--- Problem description ---
Output the whole listing exactly, except for the pictures in it.

--- Data below ---

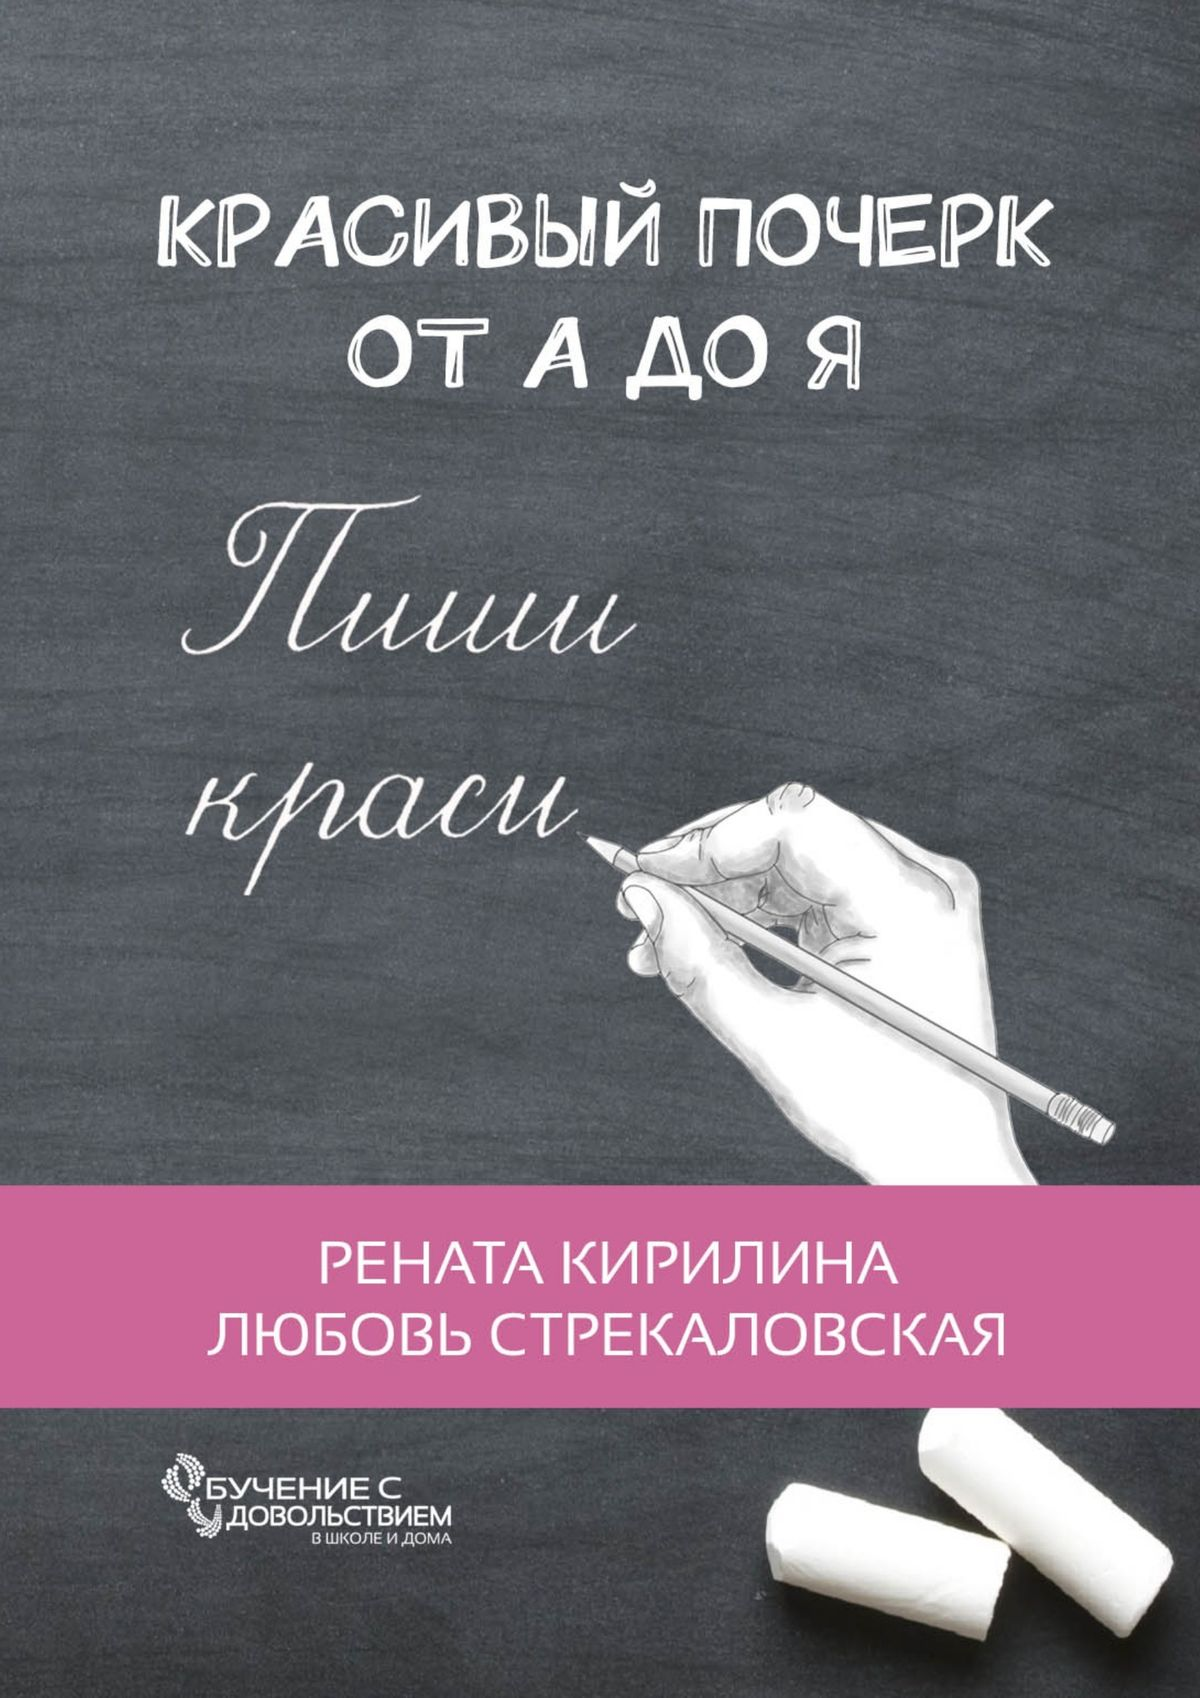 Рената Кирилина Красивый почерк от А до Я. Обучение судовольствием сегал м почерк
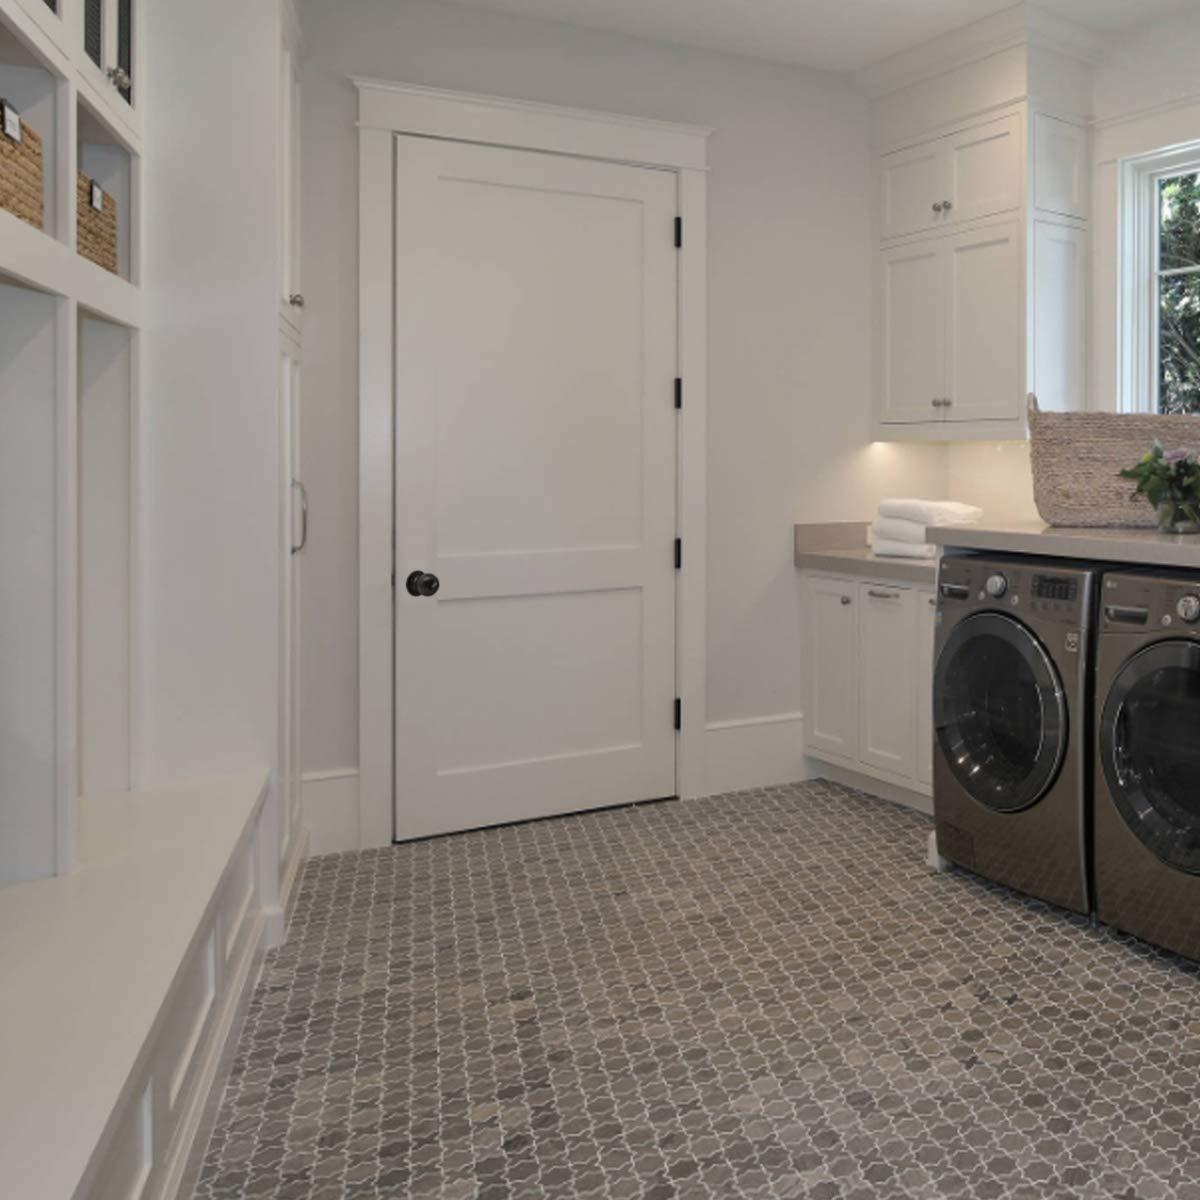 8 Pack Probrico Interior Round Privacy Keyless Door Knobs Door Lock Lockset Without Key Doorknobs Oil Rubbed Bronze for Bedroom and Bathroom-Door Knob 607 by Probrico (Image #2)
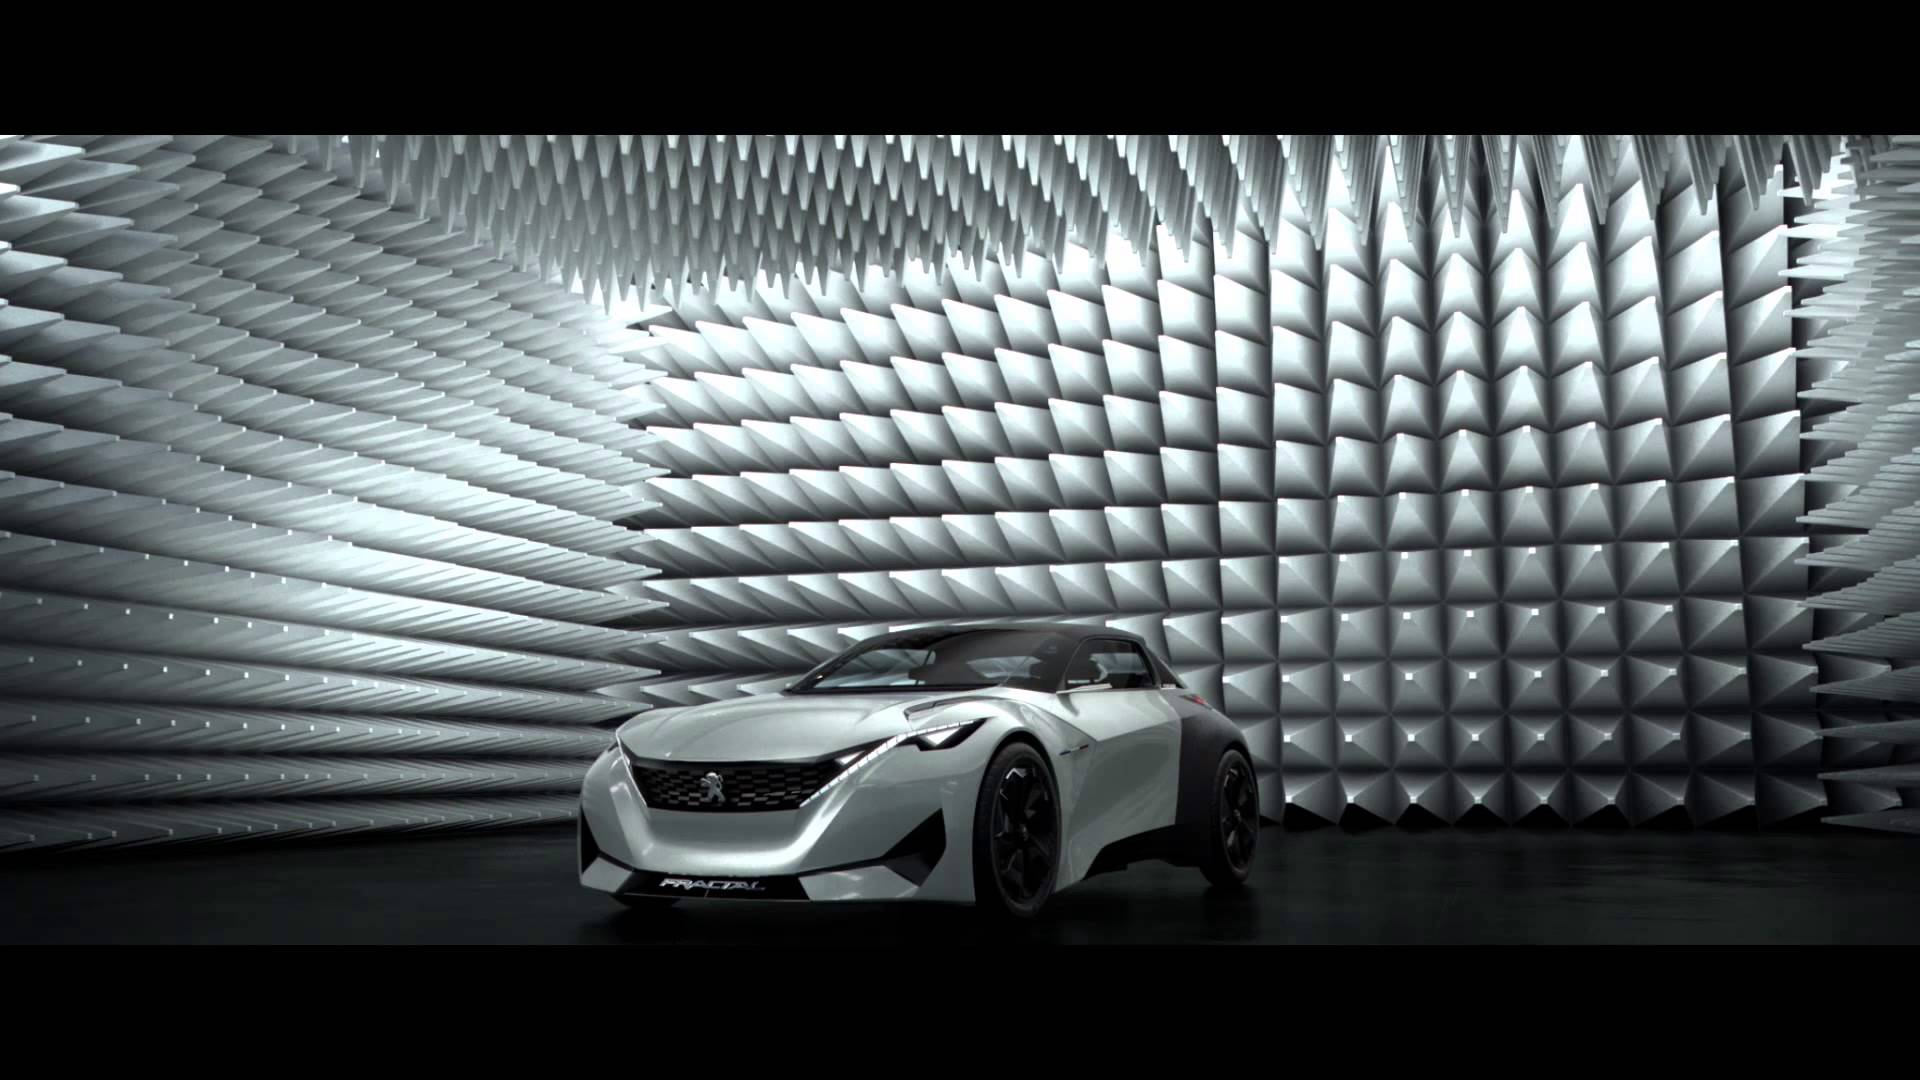 Put u budućnost: Električni Peugeot coupe-cabrio (VIDEO)

---

--- Response box ---
 Рената Кирилина Красивый почерк от А до Я. Обучение судовольствием сегал м почерк
 8 Pack Probrico Interior Round Privacy Keyless Door Knobs Door Lock Lockset Without Key Doorknobs Oil Rubbed Bronze for Bedroom and Bathroom-Door Knob 607 by Probrico (Image #2)
 Put u budućnost: Električni Peugeot coupe-cabrio (VIDEO)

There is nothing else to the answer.